▶ [Information shown]:
- - -
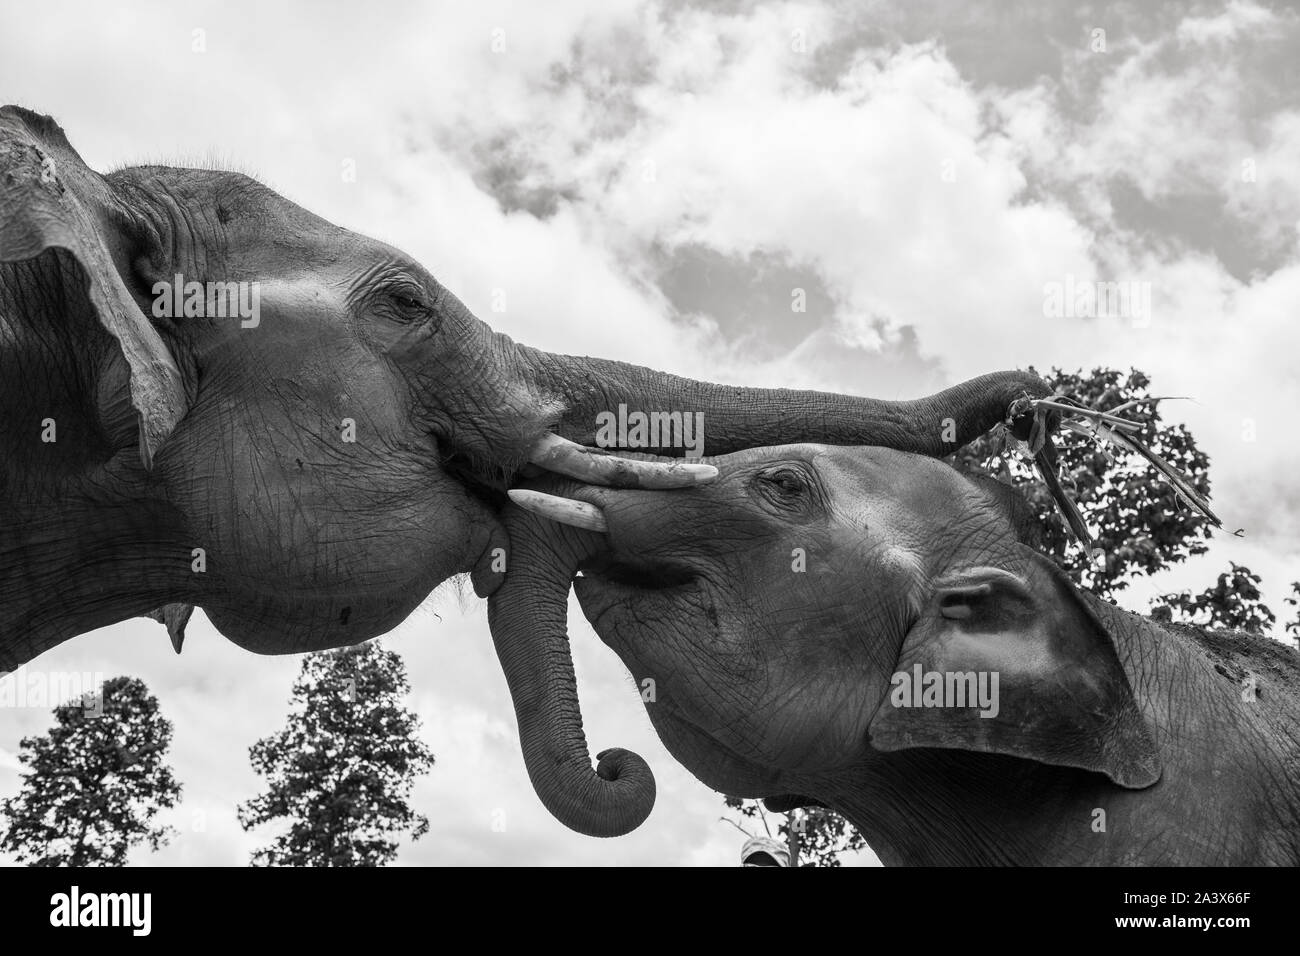 Elephants playing Stock Photo
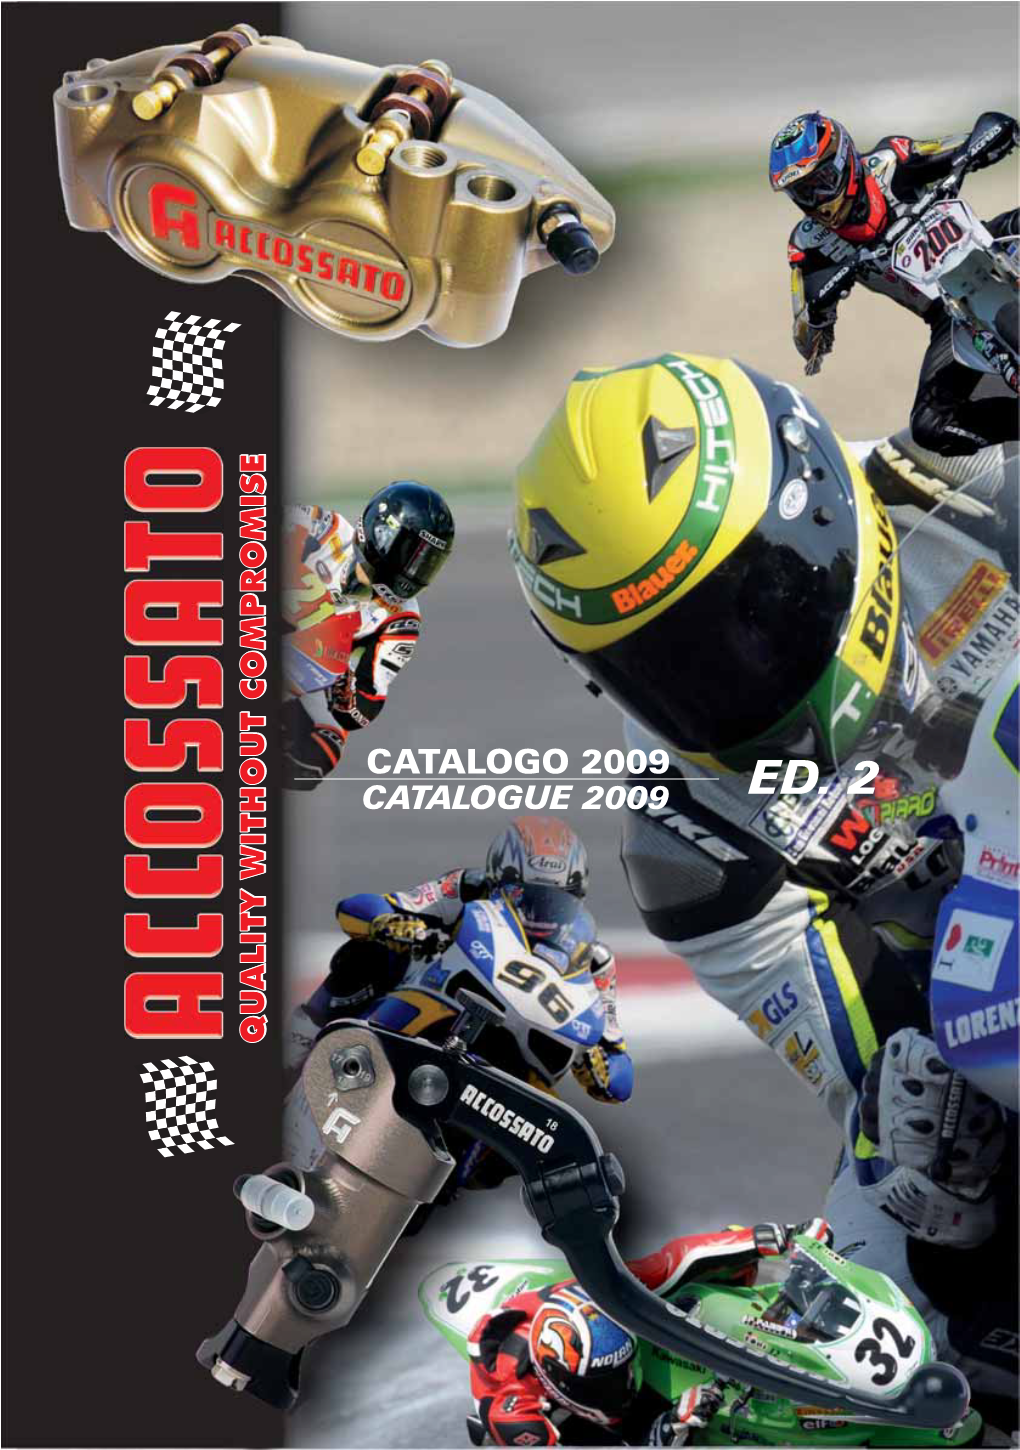 Catalogo 2009 O O Catalogue 2009 Ed
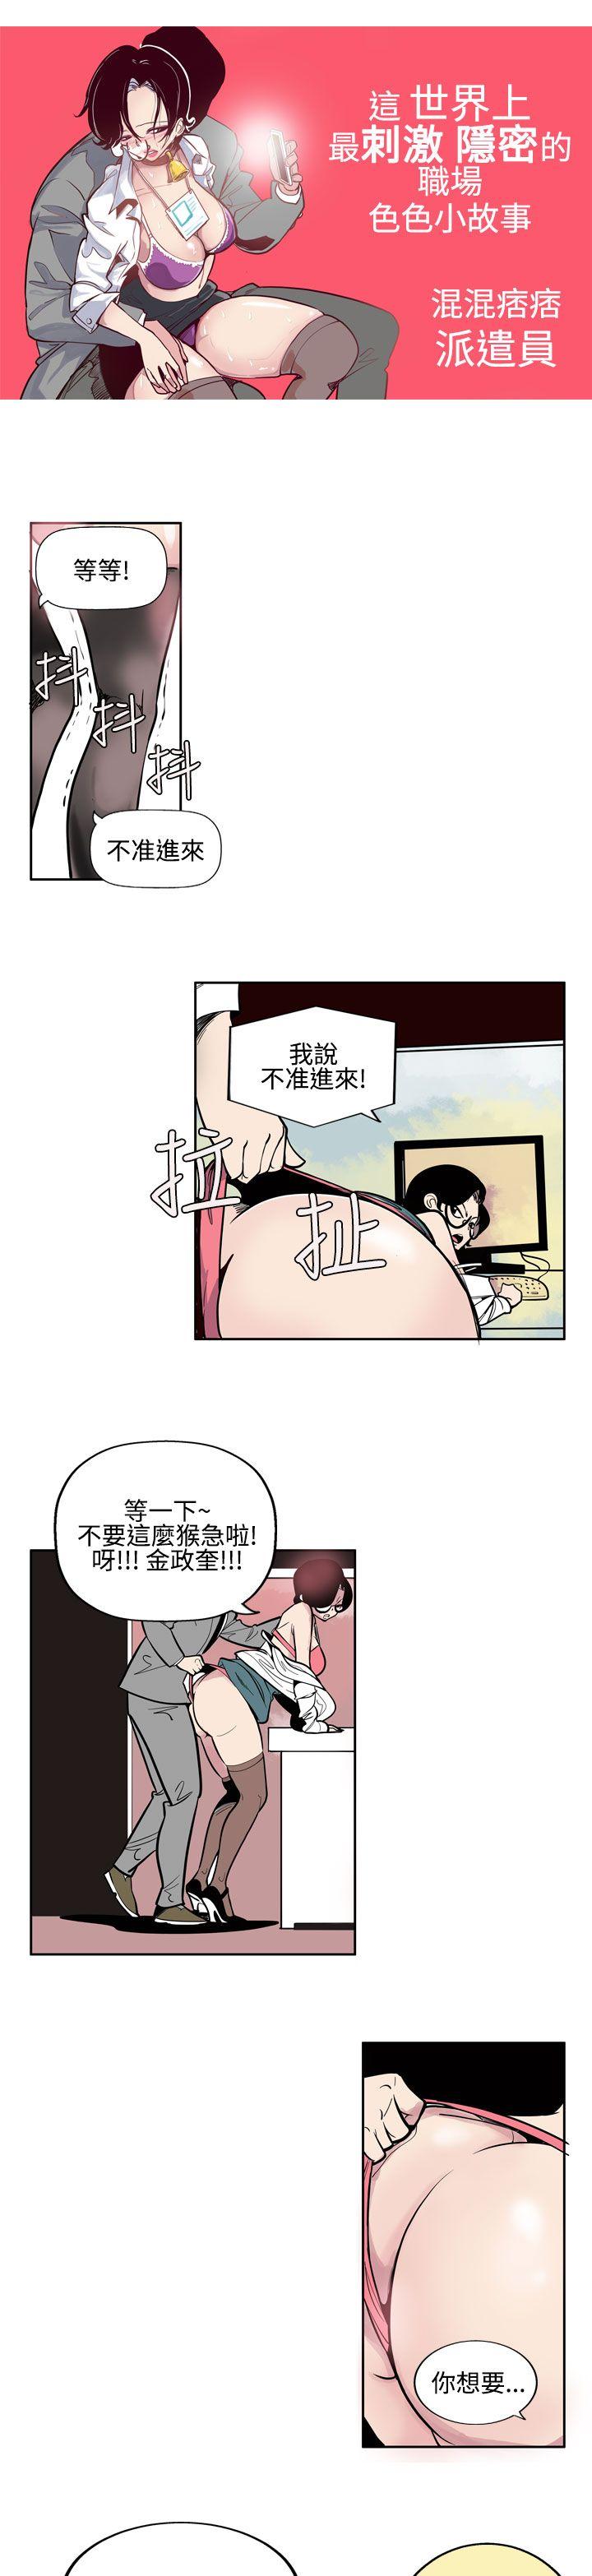 韩国污漫画 混混痞痞 派遣員 第2话 3
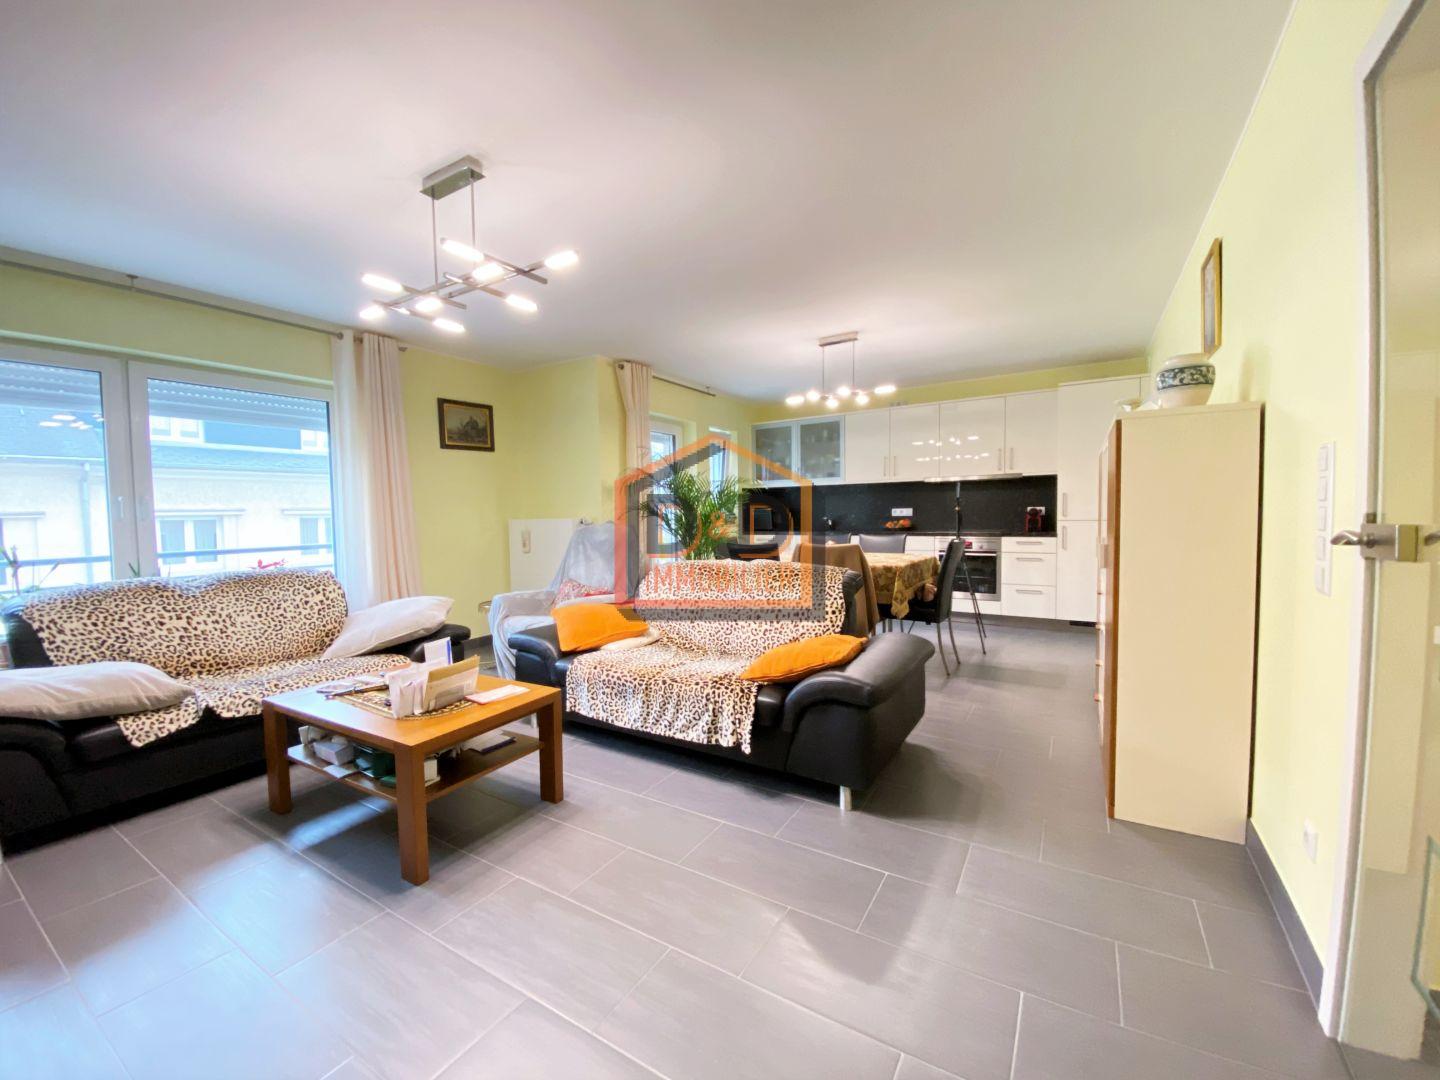 Appartement à Luxembourg-Bonnevoie, 81 m², 2 chambres, 2 000 €/mois
- - -
▶ [Action item]:
The whole listing, pictures excluded, should be output exactly.

▶ [Expected output]:
 Elephants playing Stock Photo
 Catalogo 2009 O O Catalogue 2009 Ed
 韩国污漫画 混混痞痞 派遣員 第2话 3
 Appartement à Luxembourg-Bonnevoie, 81 m², 2 chambres, 2 000 €/mois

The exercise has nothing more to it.